Removing an Operator does not remove any custom resource definitions or managed resources for the Operator. Custom resource definitions and managed resources still exist and must be cleaned up manually. Any applications deployed by your Operator and any configured off-cluster resources continue to run and must be cleaned up manually.

Verification
  • The Operator is uninstalled from its target clusters.

  • The Operator no longer appears on the Installed Operators page.

  • The disabled application is no longer available for your data scientists to use, and is marked as Disabled on the Enabled page of the Open Data Hub dashboard. This action may take a few minutes to occur following the removal of the Operator.

Removing disabled applications from Open Data Hub

After your administrator has disabled your unused applications, you can manually remove them from the Open Data Hub dashboard. Disabling and removing unused applications allows you to focus on the applications that you are most likely to use.

Prerequisites
  • Ensure that you have logged in to Open Data Hub.

  • You have logged in to the OpenShift Container Platform web console.

  • Your administrator has previously disabled the application that you want to remove.

Procedure
  1. In the Open Data Hub interface, click Enabled.

    The Enabled page opens. Disabled applications are denoted with Disabled on the tile for the application.

  2. Click Disabled on the tile for the application that you want to remove.

  3. Click the link to remove the application tile.

Verification
  • The tile for the disabled application no longer appears on the Enabled page.

Support requirements and limitations

Supported browsers

Open Data Hub supports the latest version of the following browsers:

  • Google Chrome

  • Mozilla Firefox

  • Safari

Supported services

Open Data Hub supports the following services:

Table 5. Supported services
Service Name Description

Anaconda Professional

Anaconda Professional is a popular open source package distribution and management experience that is optimized for commercial use.

IBM Watson Studio

IBM Watson Studio is a platform for embedding AI and machine learning into your business and creating custom models with your own data.

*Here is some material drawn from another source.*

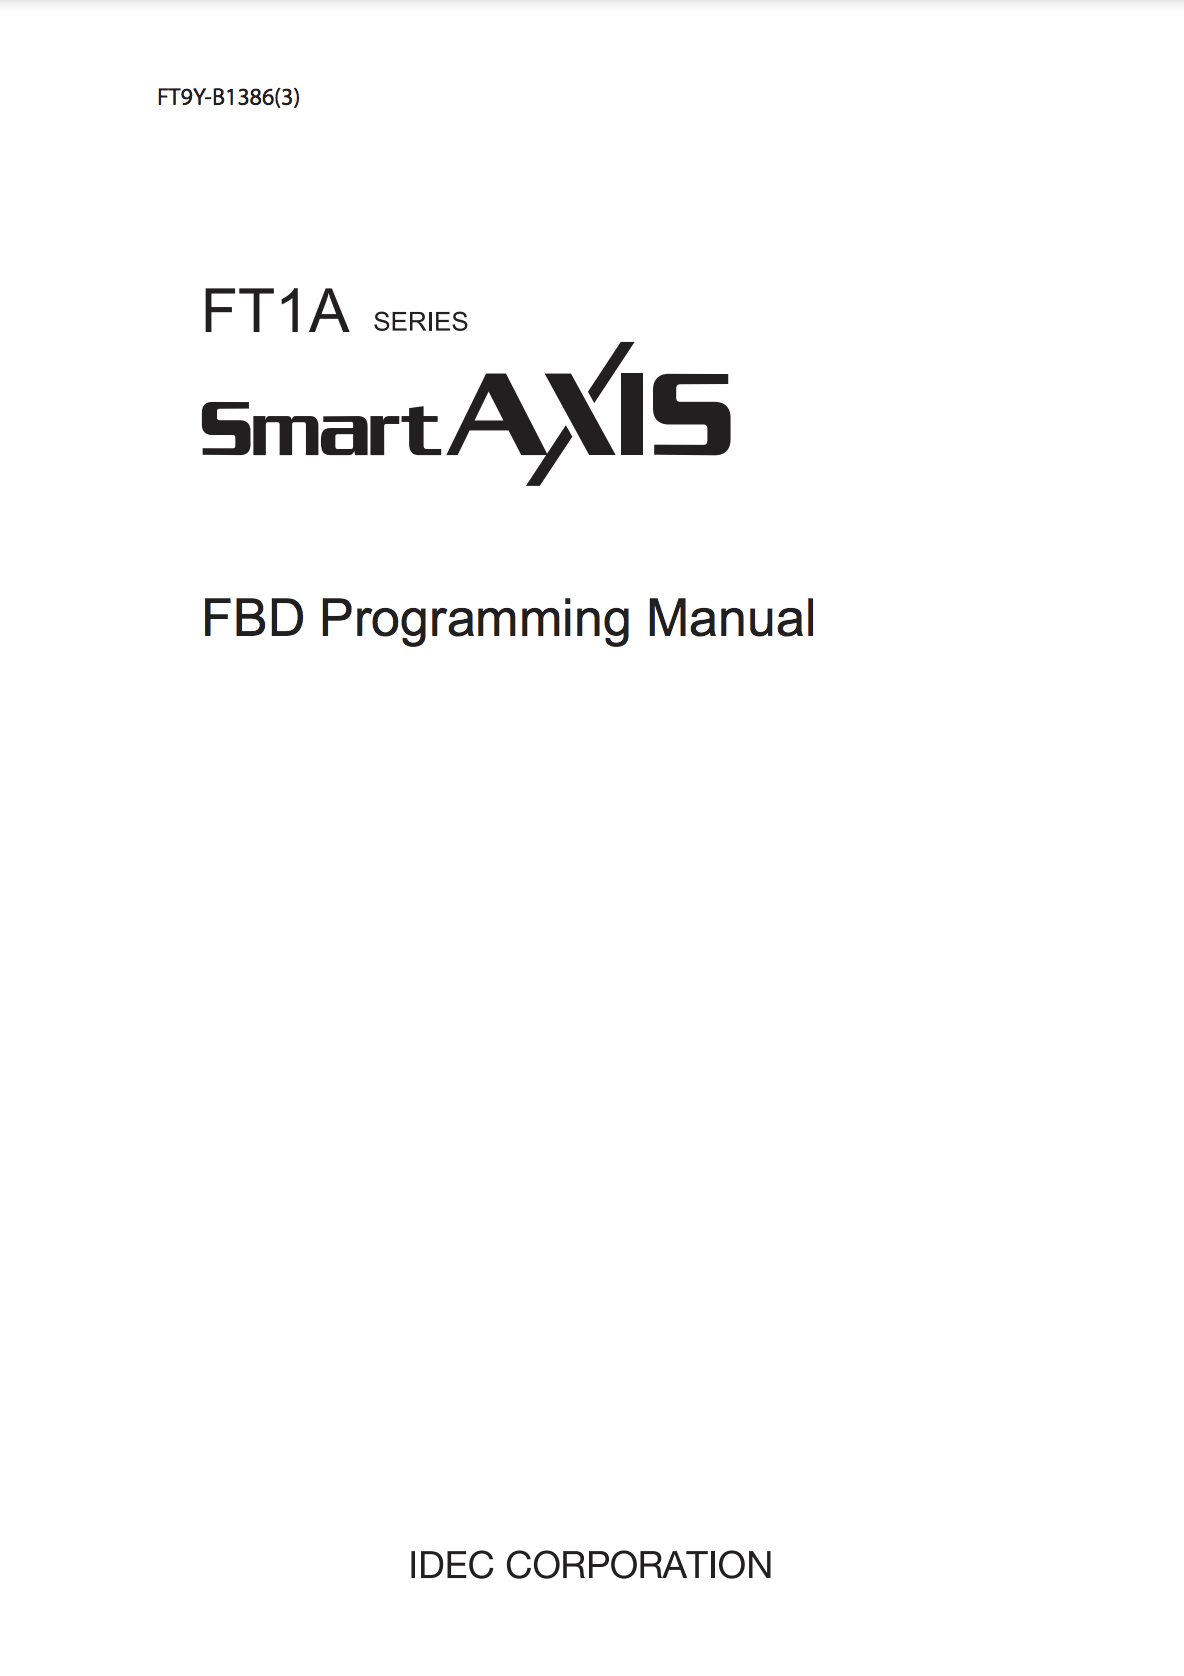 IDEC FT1A FBD Programming Manual

Intel® oneAPI AI Analytics Toolkit Container

The AI Kit is a set of AI software tools to accelerate end-to-end data science and analytics pipelines on Intel® architectures.

Jupyter

Jupyter is a multi-user version of the notebook designed for companies, classrooms, and research labs.

OpenVINO

OpenVINO is an open source toolkit to help optimize deep learning performance and deploy using an inference engine onto Intel hardware.

Pachyderm

Use Pachyderm’s data versioning, pipeline and lineage capabilities to automate the machine learning life cycle and optimize machine learning operations.

Supported packages

Notebook server images in Open Data Hub are installed with Python 3.9 by default.

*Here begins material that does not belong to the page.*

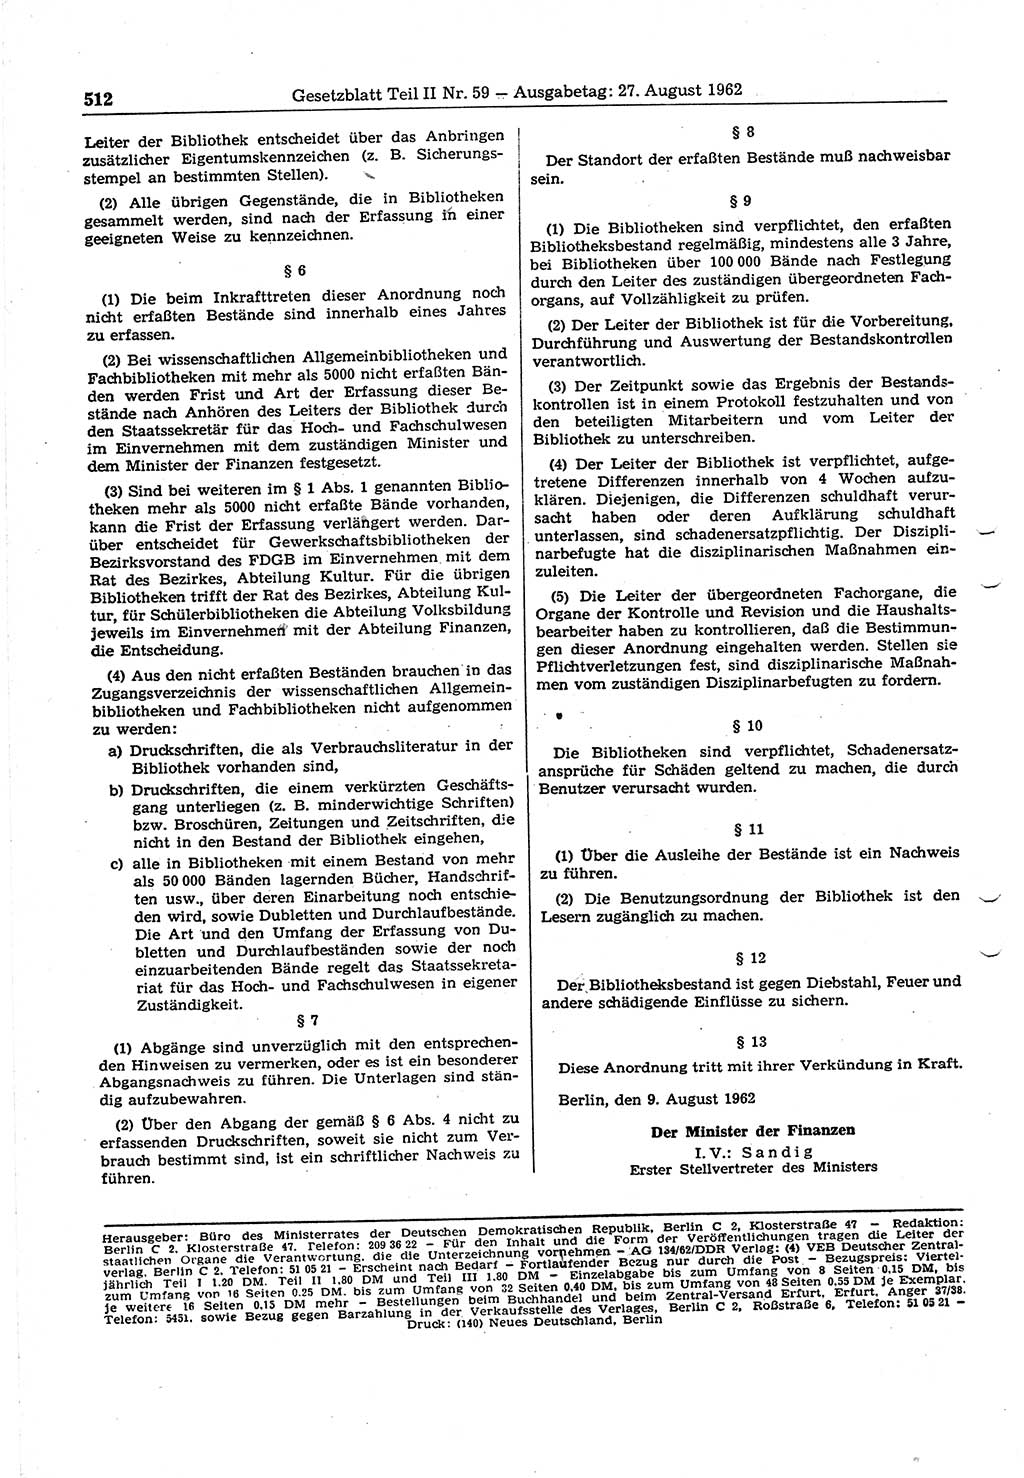 Gesetzblatt (GBl.) der Deutschen Demokratischen Republik (DDR) Teil ⅠⅠ 1962, Seite 512 (GBl. DDR ⅠⅠ 1962, S. 512)

You can install packages that are compatible with Python 3.9 on any notebook server that has the binaries required by that package.

You can install packages on a temporary basis by using the pip install command. You can also provide a list of packages to the pip install command using a requirements.txt file.

You must re-install these packages each time you start your notebook server.

You can remove packages by using the pip uninstall command.

Common questions

In addition to documentation, Red Hat provides a rich set of learning resources for Open Data Hub and supported applications.

On the Resources page of the Open Data Hub dashboard, you can use the category links to filter the resources for various stages of your data science workflow. For example, click the Model serving category to display resources that describe various methods of deploying models. Click All items to show the resources for all categories.

For the selected category, you can apply additional options to filter the available resources. For example, you can filter by type, such as how-to articles, quick starts, tutorials; these resources provide the answers to common questions.